Example 4 2- [4- (2,4-dichophenoxymethyl) phenoxy] propionic acid-10 g of the ester obtained according to Example 3 are mixed with 10 g of potassium hydroxide in 100 ml Ethanol heated to boiling for 2 hours. It is evaporated, dissolved in water, washed with Ether and acidify with hydrochloric acid, whereupon the title compound precipitates.

M.p. 122-1230C; Yield 90% of theory

Example 5: ethyl 2- [4- (2,4-dichophenoxymethyl) phenoxy] propionate a) A mixture of 34.8 g (0.37 mol) phenol, 111 g (0.81 mol) potassium carbonate, 89 ml (0.69 mol) of ethyl 2-bromopropionate and 200 ml of ethanol are used for 12 hours boiled with stirrer, then filtered and distilled. It will be 44.2 g of ethyl 2-phenoxypropionate, boiling point 93-940C / 0.1 Torr. obtain.

b) Concentrated in a suspension of 9.6 g of paraformaldehyde in 40 ml. Hydrochloric acid, a vigorous stream of hydrogen chloride is introduced with vigorous stirring, until a solution is found. The temperature is at 15-200C held. A solution of 38.8 g (0.2 mol) of ethyl 2-phenoxypropionate is added to this solution run in 20 ml of benzene and stir for 4 hours at 15-200C. Then 30 ml of benzene are added and the organic phase is separated off. You shake it three times with half-saturated aqueous sodium chloride solution, then dried over sodium sulfate and the benzene is distilled off. The residue is fractionally distilled.

Yield: 18 g; Bp 134-1380C / 0.4 torr.

c) The further reaction of the product obtained with 4-chlorophenol corresponding to Example 1 b) gives the title compound, melting point 420C.

Example 6 2- [4- (4-chlorophenoxymethyl) -phenoxyl-nropionic acid-2- (2.4.5 trichlorophenoxy) ethyl ester 2.2 g of methyl 2- [4- (4-chlorophenoxymethyl) phenoxy] propionate, 2.4 g of 2- (2,4,5-trichlorophenoxy) ethanol and 0.03 g of sodium are at 150 Torr. Heated for 4 hours to around 120-1500C. After cooling, it is boiled with acetone, the cooled solution is filtered and freed from the solvent in vacuo. The residue is recrystallized from ethanol / water.
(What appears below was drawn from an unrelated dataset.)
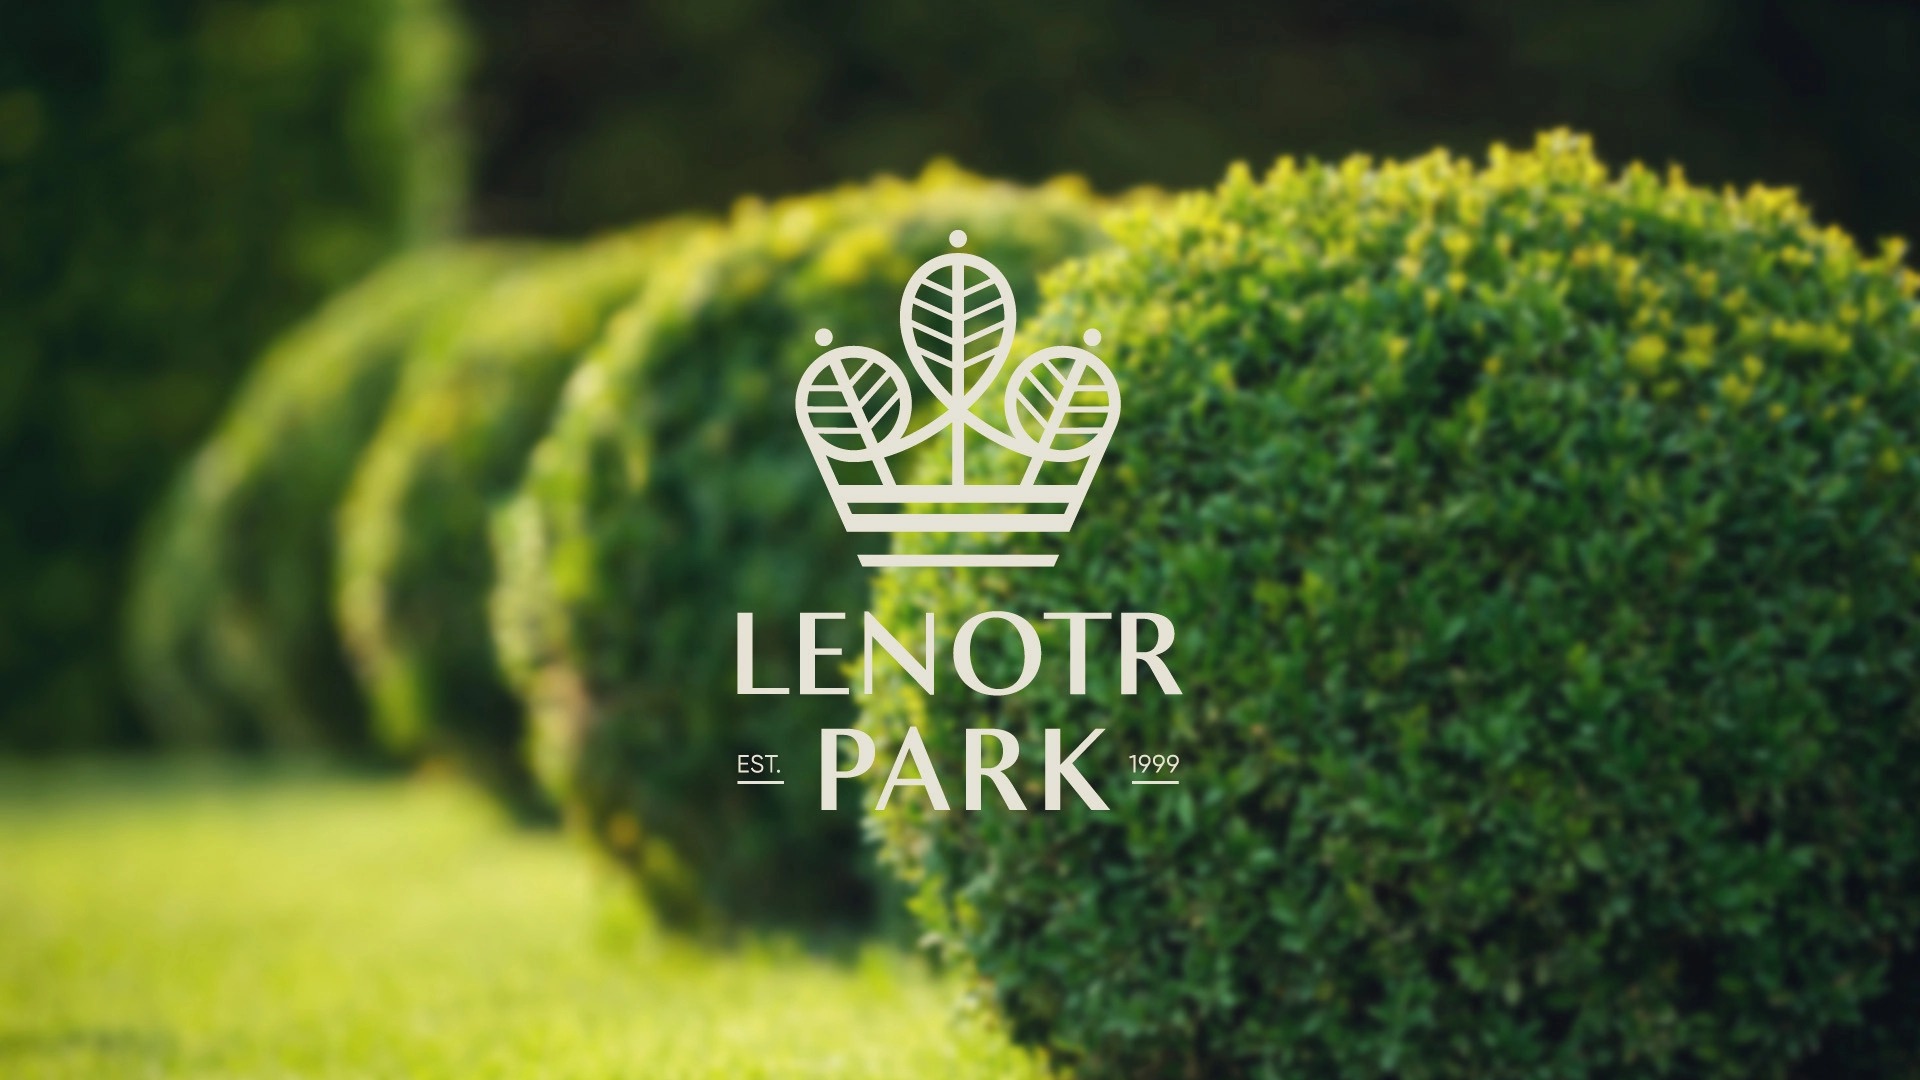 景观设计工作室Lenotr Park品牌视觉设计

Yield 1.3 g (36% of theory); M.p. 830C.

The compounds of Table 1 are obtained analogously.

Table 1 Compounds of the formula I (R1: C1; R2: H) No. | R3 m.p. [0CJ 1 -0-CH 86 2 -0-CH2-CH2-0 + Br 99-100 Cl 3 -o-CH2-CH2-o-Co-CH- <CH2-0 <oil 4 -O 72 5 -O-C8H17 δ1 6 -0-CH2-CH2-0-CH2-CH = CH2 oil CH i3 7 -0- (CH2) 3-0-CO-CH-0 o CH2-0 o C1 oil CH3 8 -0- (CH2) 6-0-CO-CH-0CH2-OC1 j 01 oil Example 7 2- [4- (2,4-dichophenoxymethyl) phenoxy] propionic acid n-butyl ester 6.4 g of the methyl ester obtainable according to Example 1, 50 ml of n-butyl alcohol and 0.03 g of sodium are refluxed for 4 hours cooked. After standing overnight, the precipitate is filtered off with suction and the filtrate is evaporated to dryness in vacuo. The residue is recrystallized from ethanol / water.

Yield 4.5 g (62% of theory); M.p. 660C.

2- [4- (4-chloro-phenoxymethyl) -phenoxy] -propionic acid isobutyl ester is obtained analogously, M.p. 75 C; 2- [4- (2,4-Dichophenoxymethyl) phenoxy] propionic acid n-amyl ester, m.p. 40 ° C.

Example 8 2- [4- (4-chlorophenoxymethyl) -phenoxyl-propionic acid ethyl ester 5 g of sodium are dissolved in 4000 ml of ethanol and 2000 g of that obtainable according to Example 1 are added Methyl ester too. It was then refluxed for half an hour and then via an attached column with a reflux / withdrawal ratio of approx. 10: 1 alcohol mixture distilled off.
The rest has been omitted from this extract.